Event Ingestion Issue
Incident Report for PagerDuty
Postmortem

Summary 

On October 31, 2022, from approximately 22:15 UTC until 22:40 UTC, a few customers in the US service region received 500 errors for events sent to the Events API. Events receiving errors were retried successfully within minutes. Webhooks, notifications, inbound email events, and the REST API were not impacted at all by this incident.

What Happened 

The errors were precipitated by the phased rollout of a configuration change, which began at 21:02 UTC and continued until 22:40 UTC when the rollout was paused. During this rollout hosts were marked as "healthy" but were repeatedly restarting, causing allocations to fail. Those allocations were transferred to other functioning hosts, so indicators of degradation in our system did not appear until 22:25 UTC when a monitor for excessive failed allocations was triggered. As the configuration change continued to roll out, additional hosts began to repeatedly restart. Customer impact began at 22:15 UTC when enough hosts were restarting that there were insufficient healthy hosts to process all Events API requests. Alerts notified responders, and a major incident was triggered at 22:25 UTC after the first few 500 errors. The deployment was paused and failed events were immediately re-queued for processing. At 22:40 UTC, we observed recovery and an end to delayed customer events. The configuration change was rolled forward to a known good configuration and additional hosts were provisioned. Clean-up actions and decommissioning affected hosts continued until 02:42 UTC November 1st.

What We Are Doing About This

We have identified the change that caused hosts to restart and have removed it from the host configuration. We also plan to improve our monitoring for failed allocations to catch this issue before it becomes customer-impacting in future rollouts. We apologize for the inconvenience that this has caused. For any questions, comments, or concerns, please contact us at support@pagerduty.com.

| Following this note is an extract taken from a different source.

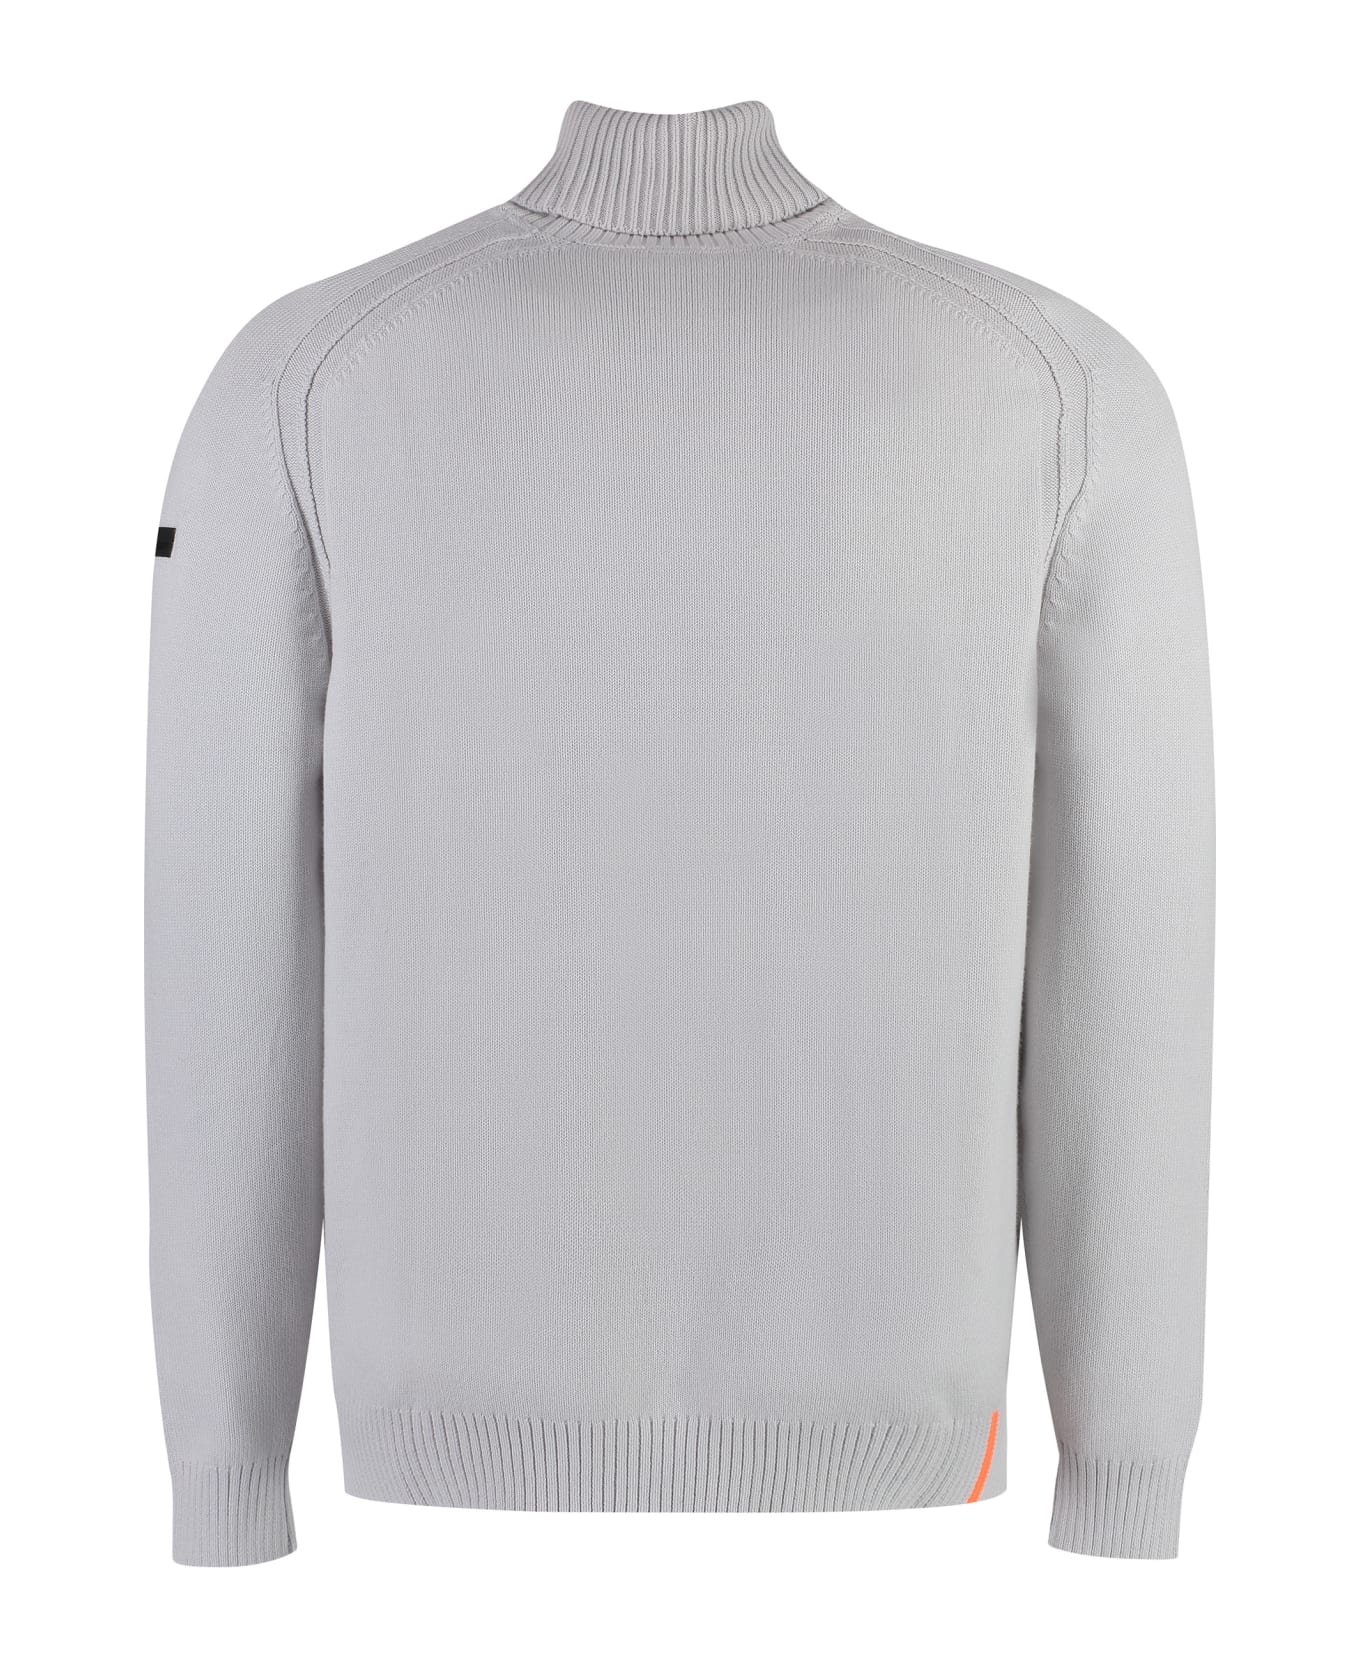 RRD - Roberto Ricci Design Cotton Turtleneck Sweater - grey

Posted Nov 08, 2022 - 01:43 UTC

Resolved
We can confirm the resolution of an issue which briefly resulted in a small number of customers receiving 500 HTTP errors in response to events sent to the Events API. There is no ongoing impact to customers. Please reach out to support@pagerduty.com if you have any concerns.
Posted Nov 01, 2022 - 00:21 UTC
Update
We continue to observe no further customer impact. We are continuing to monitor and pursue remediation of the identified cause. We will provide another update within 30 minutes.
Posted Nov 01, 2022 - 00:07 UTC
Monitoring
There continues to be no further impact to the processing of events. We are continuing to monitor and pursue remediation of the identified cause. We will provide another update within 30 minutes.
Posted Oct 31, 2022 - 23:38 UTC
Identified
We are no longer observing any failures of events received through the Events API; we are continuing to investigate the issue. We will provide another update within 30 minutes.
Posted Oct 31, 2022 - 23:11 UTC
Update
We are investigating an incident where a small number of PagerDuty customers in the US Service Region are experiencing issues with sending events to the Events API. Impacted customers may see HTTP 500 status code when sending events. We will provide further updates within 20 minutes.
Posted Oct 31, 2022 - 22:50 UTC
Investigating
We are investigating potential issues with event ingestion within PagerDuty US service region. On confirmation, we will update with further impact and severity within 15 minutes
Posted Oct 31, 2022 - 22:37 UTC
This incident affected: Events API (Events API (US)).